Apar agrees that traceability is a debate which is merited, even if it is limited by the court to only WhatsApp. “It could stretch beyond the big players because it’s not limited to them, and it will eventually apply to functionality as opposed to size,” he adds.

This isn’t the first time that the government has gone after social media platforms, and WhatsApp in particular, over encryption and lack of sharing data with law enforcement. Minister of Electronics and IT Ravi Shankar Prasad met with WhatsApp’s global head Will Cathcart late last month after which he said that the company was told that traceability shall be their job and they need to find the mechanism to do so.
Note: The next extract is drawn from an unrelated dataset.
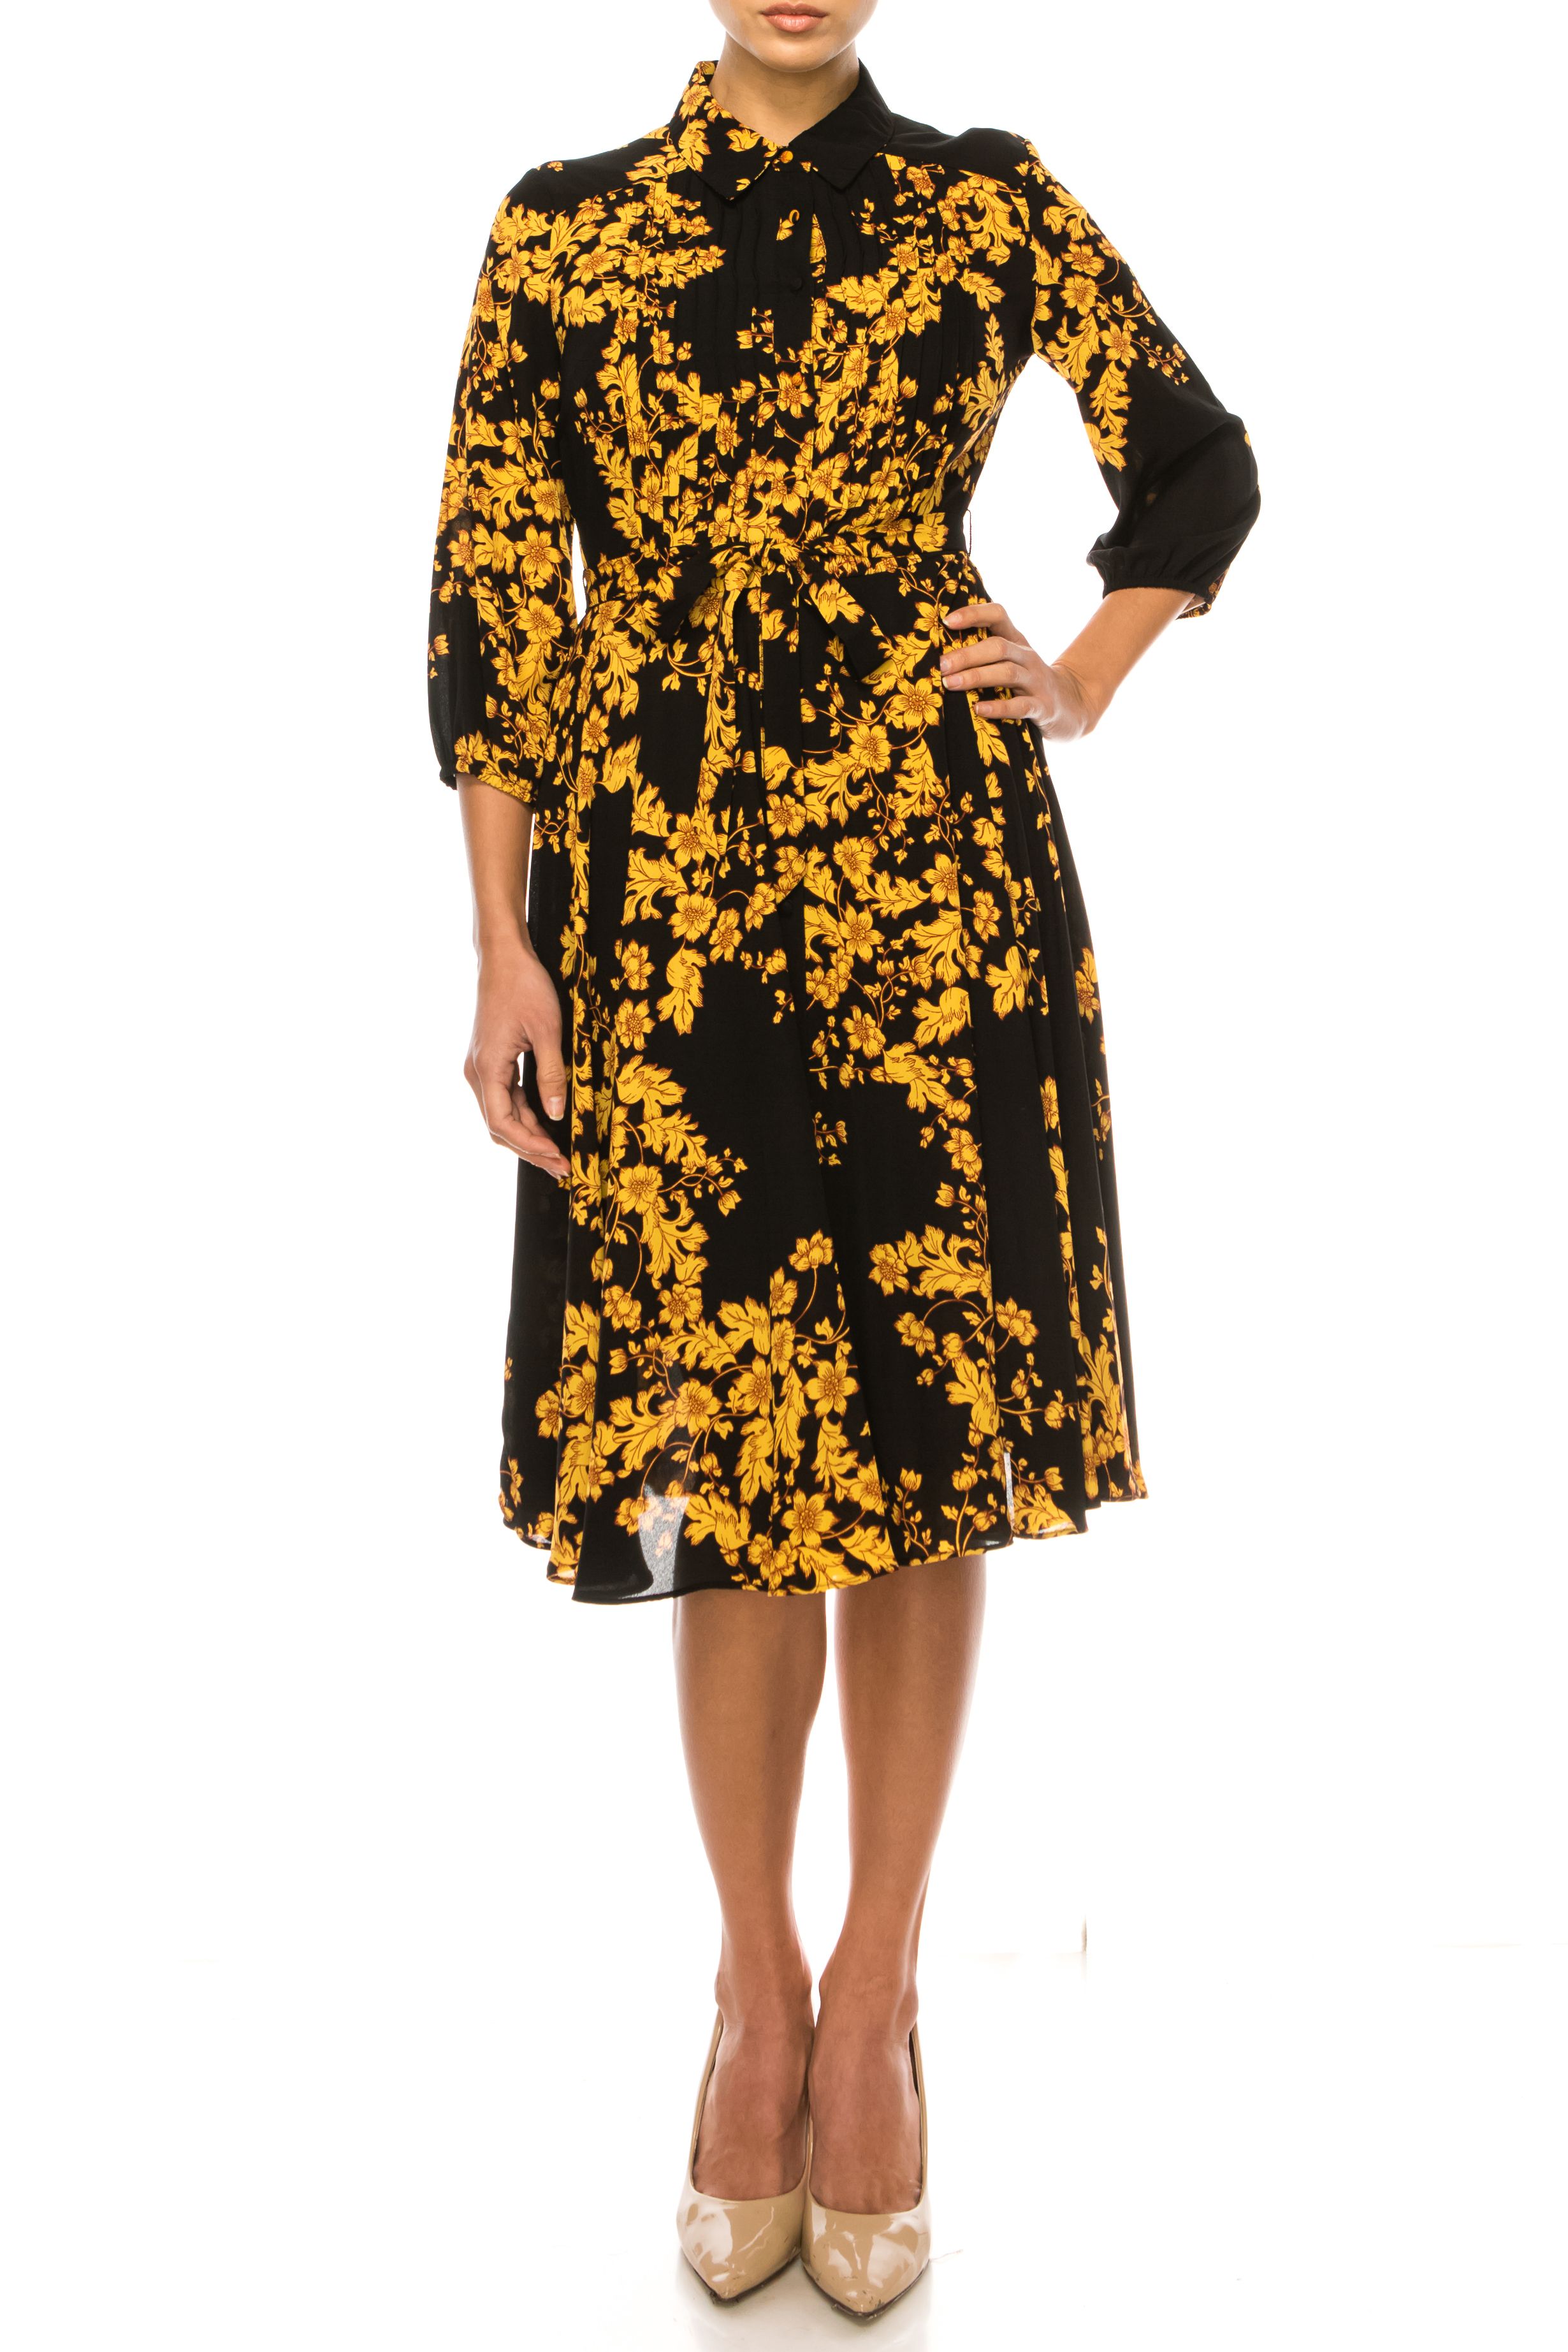 Nanette Nanette Lepore Women's Slvls Jacquard F&f Midi Dress

“But in the event that the WhatsApp platform is thought to be abused by rogue, terrorist, extremist elements, by repeating some kind of recirculation of messages, then there must be a mechanism whereby those can be traced to enforce appropriate law and order, and safety and security of the country,” Ravi Shankar Prasad then said, according to Medianama.

According to Buzzfeed News, WhatsApp, in a submission to the court, said: “Journalists could be at risk of retaliation for investigating issues that may be unpopular, civil or political activists could be at risk of retaliation for discussing certain right and criticizing or advocating for politicians or political, and personal information like sexual orientation, health, religious affiliation, Aadhaar, and financial information could be at risk of becoming publicly exposed.”